Y después de hundir mi cuerpo en la silla de la contemplación, el asombro me cegó. Miraba, pero no entendía; veía, pero el mundo era un laberinto que me negaba la salida. Bombas cayendo sobre civiles bajo la excusa de cazar terroristas, mientras los ecos de los aplausos ahogaban el grito de los inocentes.
La barbarie, justificándose con retórica vacía, como si las palabras fuesen máscaras suficientes para ocultar la podredumbre de las acciones.

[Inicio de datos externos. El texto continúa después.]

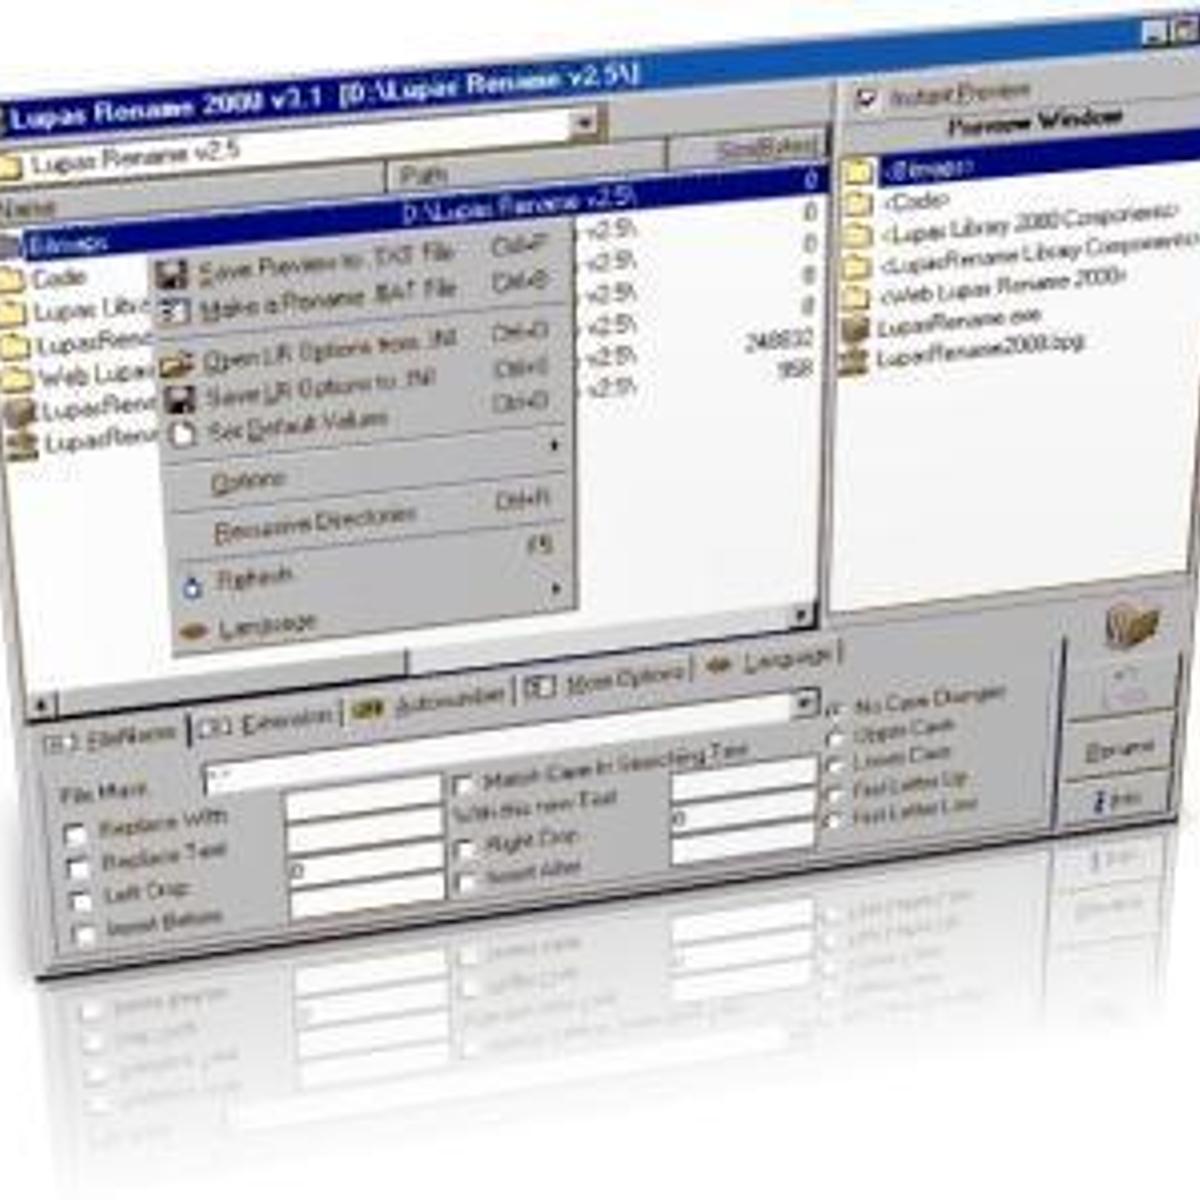 Lupas Rename 2000 Alternatives and Similar Software

Un pueblo atacado con pretextos tan endebles como un castillo de naipes, y entonces las mismas voces que antaño criticaban las invasiones aplaudían con fervor al invasor, porque las banderas cambian, pero el cinismo permanece. Las izquierdas y las derechas, como dos lobos de distinta piel, despedazando con los mismos colmillos en geografías distintas.
Humanos perseguidos en las avenidas de las naciones que construyeron con sus manos cansadas, y los que les daban caza, son nietos de los que un día también fueron extranjeros. Forasteros que ayer eran recibidos con sospecha, convertidos ahora en enemigos de los enemigos, y devenidos en nuevos guardianes, de fronteras que sus antepasados cruzaron.
La fuerza apretando las manos, la sangre ardiendo en los pechos, el cerebro de un inoportuno que nada comprende, y la venganza cocinándose en los sueños. Una danza grotesca donde el odio marca el compás, y la humanidad, tambaleante, sigue bailando.
Entonces, Dios, o aquello que sea la esencia que sostiene los hilos de este universo caótico, te suplico con el ardor de quien no encuentra reposo:
Cuando abandone este mundo —si acaso hay un más allá tras el último suspiro—, no me otorgues el lujo de la indiferencia, ni el peso del juicio eterno. No me condenes a regresar aquí. Imploro, con todo lo que queda de mí:
Concédeme el nacimiento en algún rincón distinto del cosmos.
Un lugar donde las estrellas no iluminen campos de batalla, donde el eco del odio no resuene, donde las manos no construyan jaulas ni muros, y donde las palabras no sirvan para justificar la crueldad.
Si hay vida después de la vida conocida, que mi próxima respiración sea bajo un cielo que no huela a pólvora ni a odios.